With or without Davila, the tenor of Berkeley’s City Council has shifted in a progressive direction.  The Bates machine with its 6-3 rubber-stamp majority is demolished.

A major outlay of $892,540 by a PAC for the Berkeley Property Owners Association also failed to defeat Berkeley Proposition U1 or to pass Proposition DD.  The U1 measure, which passed by 74 per cent, will raise about $3 million for affordable housing.  The BPOA-sponsored effort, DD, would have raised less than half that amount.  The No vote on DD was over 70 per cent.

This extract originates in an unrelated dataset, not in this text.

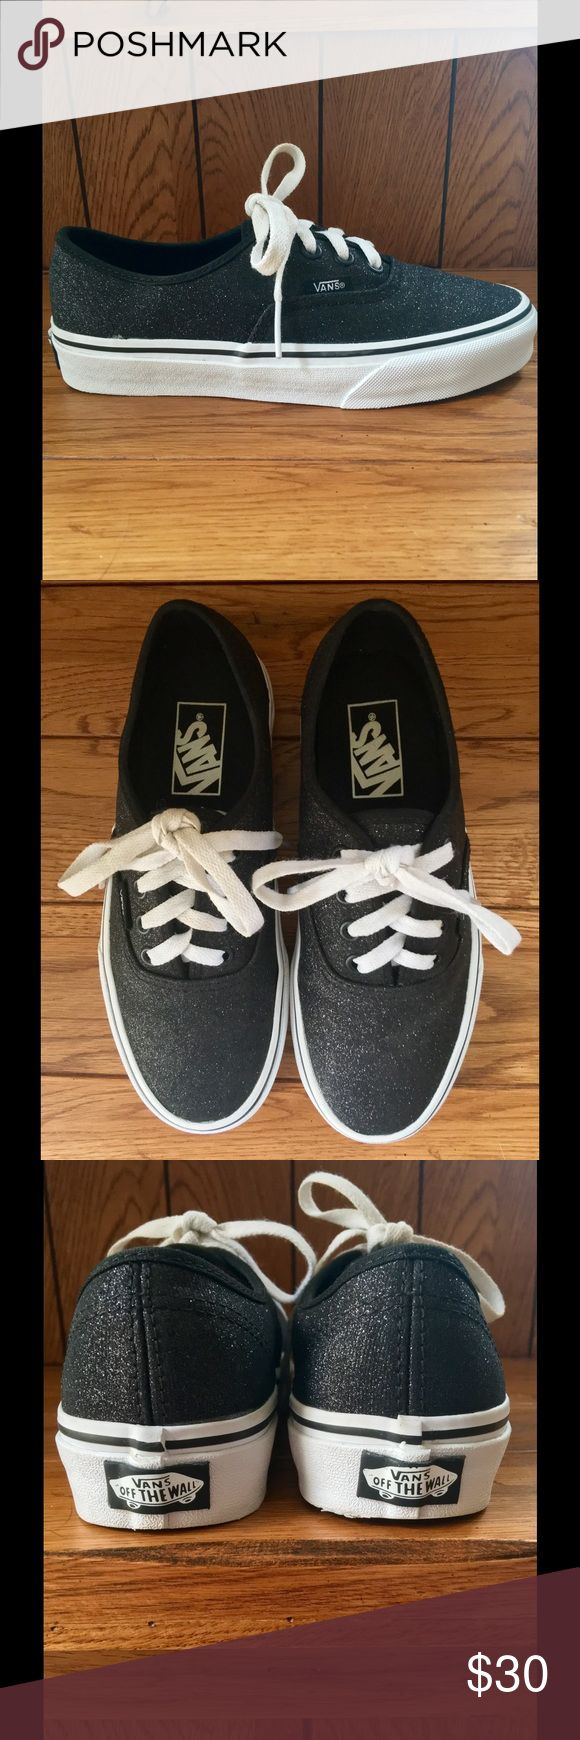 Roller shoes vans - Vans Shoes

The CALI slate for the Berkeley Rent Board — Christina Murphy, Alejandro Soto-Vigil, Leah Simon-Weisberg and Igor Tregub — won all four seats on the Berkeley Rent Stabilization Board.  Incumbents Nathan Wollman and Judy Hunt were unseated.  The CALI slate also had Bernie Sanders’ endorsement.

The over-all pattern of voting in Berkeley reflects strong opposition to the luxury-priority high-rise construction projects that the Bates administration has pushed through in the past several years.  With a six-vote majority, Bates was easily able to override the three progressive council members, Arreguin, Kriss Worthington, and Max Anderson.  Council meetings frequently took on the air of a charade, with long parades of citizens lining up to oppose a given measure, and the council majority then ignoring all input and voting 6-3 in favor. Voters punished the Bates administration for this conduct. The progressives made it clear that they are not opposed to development per se, but to development that prioritizes luxury housing over affordable housing.